What nobody talks about, however, is the quality of data that is required to obtain good results from all of these processes.

This article aims to be a basic guide on how to measure and quantify data quality, regardless of how and where this data is being stored:

  1. Key Facts around Data
  2. Secret Data Factories
  3. Garbage In Garbage Out
  4. How Can I Measure Data Quality?
  5. Monetize: 1, 10, 100 rule
  6. Acceptable Quality Values

Key Facts

The article “Bad Data Costs the U.S. $ 3 Trillion Per Year” by Thomas C. Redman published in the Harvard Business Review cites manufacturer data, such as the following:

“$3.1 trillion, IBM’s estimate of the annual cost of data of poor quality, only in the United States in 2016.”

“84% of CEOs are concerned about the quality of the data they’re basing decisions on.”

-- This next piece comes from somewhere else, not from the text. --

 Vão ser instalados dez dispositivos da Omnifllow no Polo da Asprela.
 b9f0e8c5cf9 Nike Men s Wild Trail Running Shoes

When there is a lack of confidence in the quality of the data, the confidence in the results is quickly lost, which causes subsequent obstacles and motivation to obtain greater information management initiatives, especially in data that is key to investment.

Secret Data Factories

As a personal judgment, I would dare to say that all companies have their own secret data factory in one or more areas, even if it is a tiny one.

What I refer to as a “secret data factory” is what is shown in the chart below, that is, the set of additional, non-formal processes of validation, correction, and homologation of data in an area of business in order to obtain a final data set that meets your needs to generate analysis, knowledge, and value. 

Secret Data Factories in data quality
Illustration 1: General operation of a “Secret Data Factory”

In these factories are workers who pay condemnation as they must invest extra time (commonly called “junk time”) in operational work that generates unnecessary costs.

Such data factories are expensive and are part of the $3.1 trillion per year that IBM refers to the article we mentioned earlier.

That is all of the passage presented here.